Are you wondering why Borders are on their knees and slipping into receivership? The answer is very simple; their books are too bloody expensive. Any discerning book buyer has been steering clear of them for a while. I even reached the point that I was going to tell family and friends not to give me Borders gift vouchers anymore because they just weren’t worth it. What might cover one and a half books at Borders would get me more like two or three at any other book store. In a world where you can track down anything you want on the net and get it cheaper than from a local shop, jacking up prices was a very dumb idea.
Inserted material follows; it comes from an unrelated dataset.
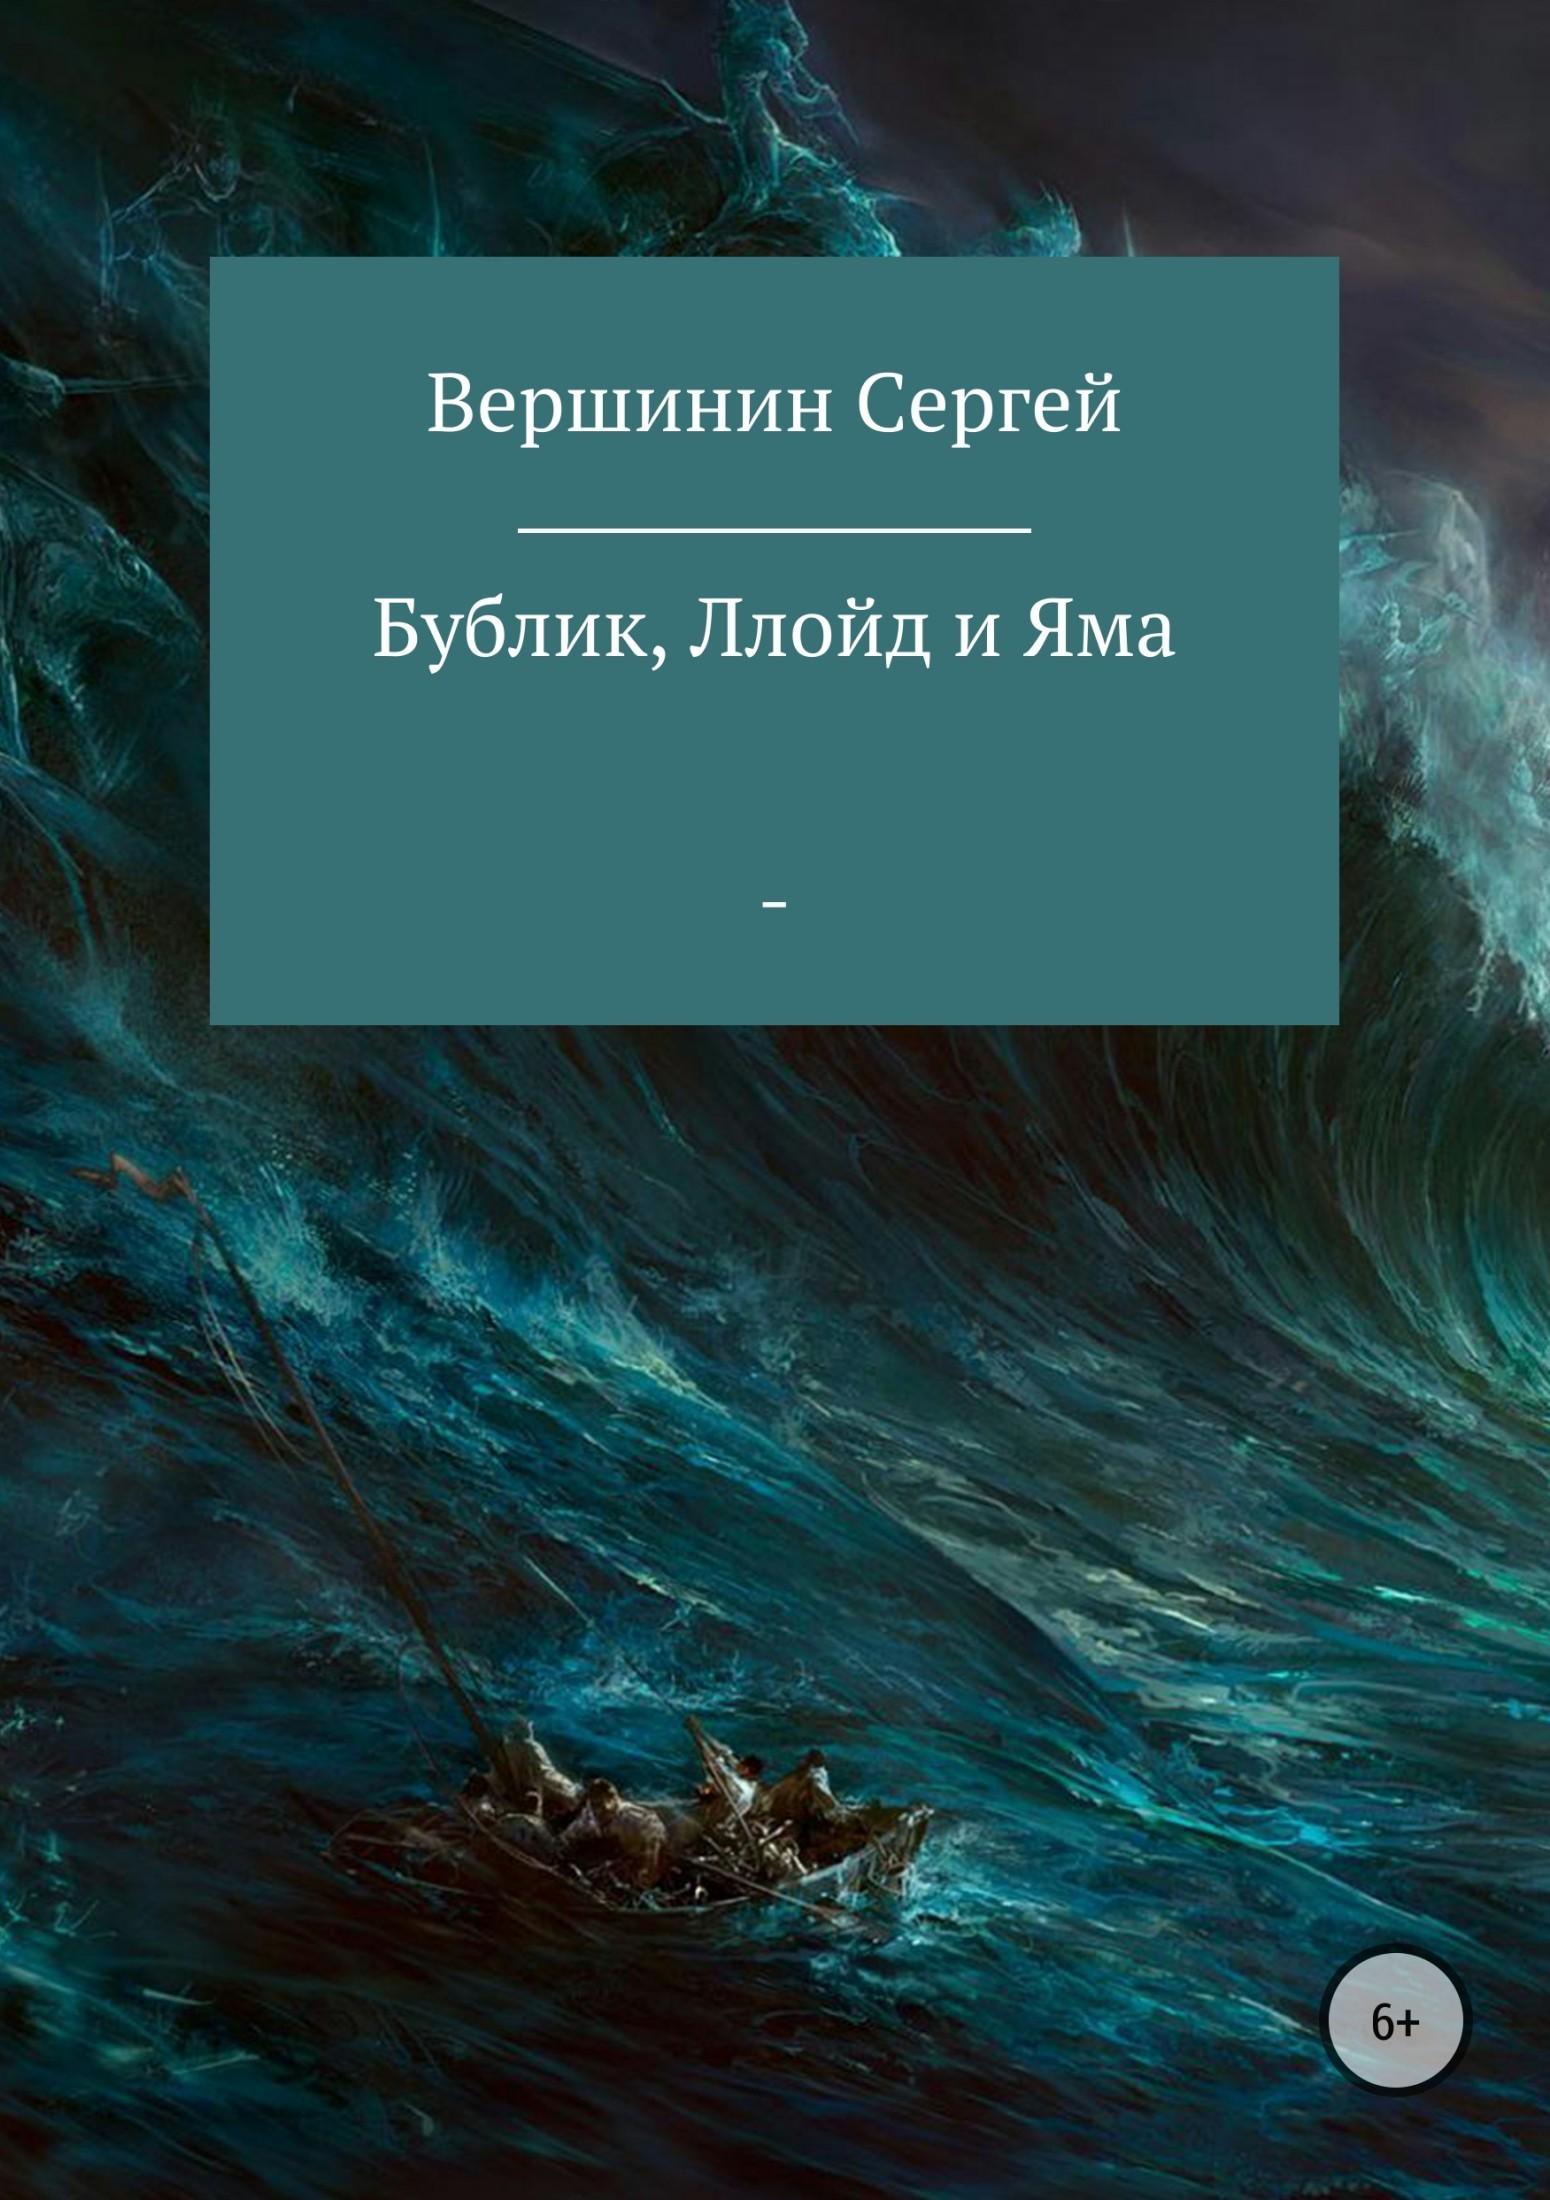 Сергей Вершинин Бублик, Ллойд и Яма

The stench of a dying business has been discernible for some time. At my local Borders the first thing to go was the music section. Then my favourite weird, fringe-book section disappeared. Then more and more tables appeared with froufrou collectibles, knick-knacks and other assorted crap. It stopped feeling like a bookshop and became more like a high end variety shop. It became more apparent that this chain was not run by book lovers but people obsessed by shifting ‘units’. Books as commodities, not sources of knowledge and entertainment. Few of the perky young sales staff seemed to really know anything about books. If it wasn’t in the database they didn’t have a clue. All of which is a guaranteed turn-off for genuine book lovers.
I know this sounds stupidly romantic and sentimental and that booksellers and publishers have to make hard, practical decisions in an increasingly difficult marketplace, but please don’t throw the baby out with the bathwater, there is still a place for good bookshops. Shrinking your stock down to guaranteed mass market crowd pleasers, movie tie-ins and Top 100 titles and then churning through them quickly because some marketing genius has decided that books have a shelf life only marginally longer than fruit is completely counter-productive. You’re just sending more people to the net to find what they want.
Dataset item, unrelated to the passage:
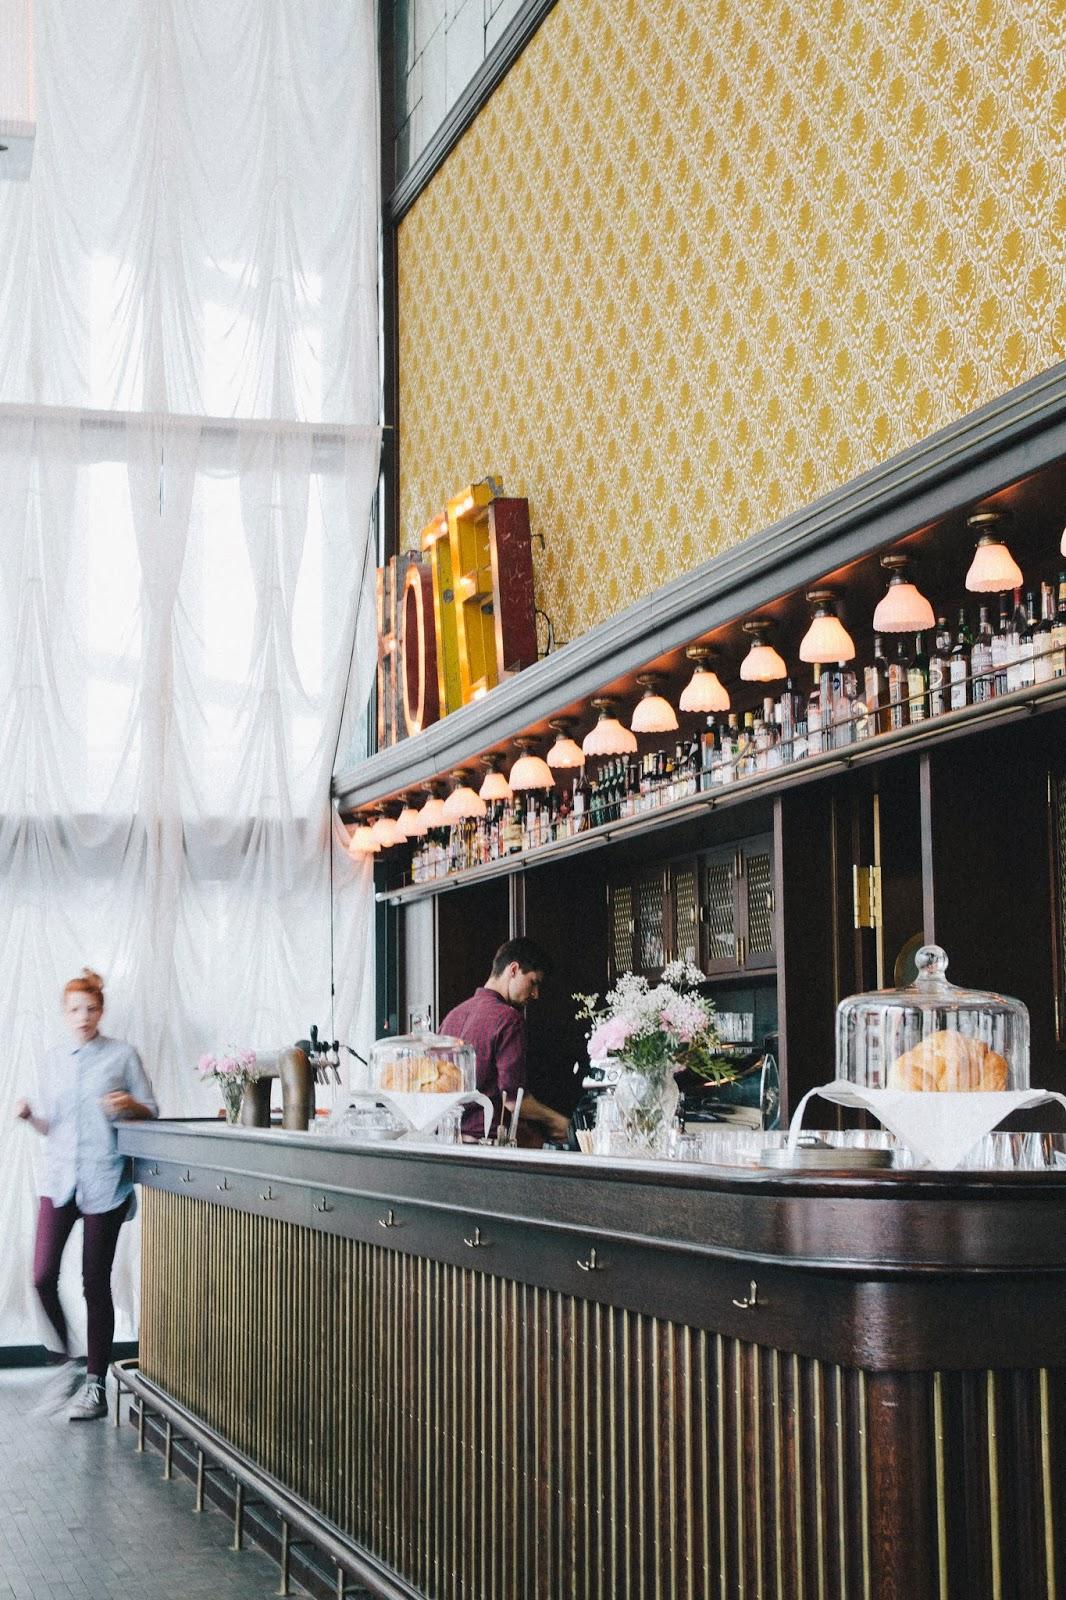 Hotel rivington sons 70percentpure for Home decor zurich

It’s fashionable to think that bookshops and books themselves are a dying art form, doomed to fade away in an e-book, digital media tidal wave, but that’s a load of nonsense. No media has ever killed another media and books will never die. However convenient and useful computer technology is for transferring loads of information, people will still want to grab a reassuring physical object from their bookshelf and be able to flick through it at random. The feel, touch and smell of books will always be more seductive than data on a screen. Besides, computers are still so stupid and susceptible to crashing or mangling files ( I almost lost a complete draft of a book once when my computer had a nervous breakdown) so why on earth would I entrust my personal library to such a machine?
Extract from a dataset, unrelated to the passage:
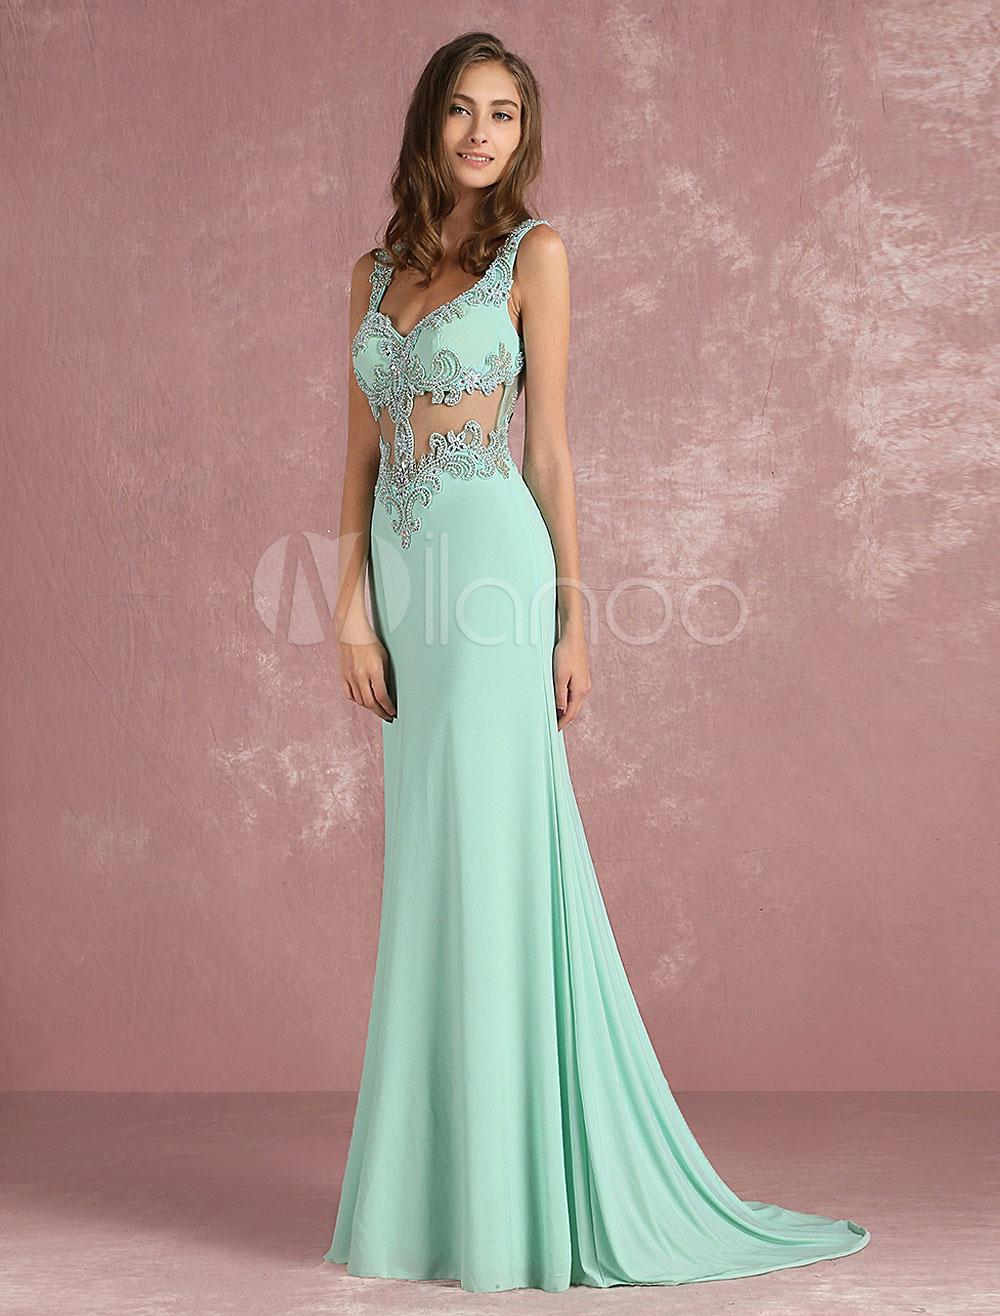 Mermaid Evening Dress Mint Green Illusion Beading Prom Dress Sweetheart Sleeveless Floor Length Party Dress With Train (Wedding Evening Dresses) photo

The irony in all this is that computer technology is about to rescue books from the dustbin of history and drag them into the twenty-first century. The technology is quite literally just around the corner. It’s called print-on-demand. It’s basically a machine that can print, bind and spit out any book in its database in about an hour. It’s still a bit slow and clunky but like all technology it’s going to get faster, smaller and cheaper. It will bring the world of books up to speed with the modern world and make it more compatible with the internet. Instead of a six to twelve month turnaround from manuscript to finished book, you’ll be able to upload a manuscript to the computer system and make it instantly accessible anywhere in the world. Books will be able to become viral. A machine like that in every bookshop will free the publishing industry from expensive overheads like industrial printing, having to determine the size of a print run and having to physically box and ship books all over the country. Not only should it be a whole lot cheaper, but with a bit of luck, we as consumers will also be able to nominate the size, format and print size of the books we want. Being able to break down huge books into a more manageable number of volumes and with larger print will be a godsend to many older and disabled readers. So my advice to Borders and all the other booksellers and publishers worried about their future would be this: get together and throw some money at the development of print-on-demand machines. It will transform all your old-fashioned business models, guarantee your future profitability and make your readers very, very happy.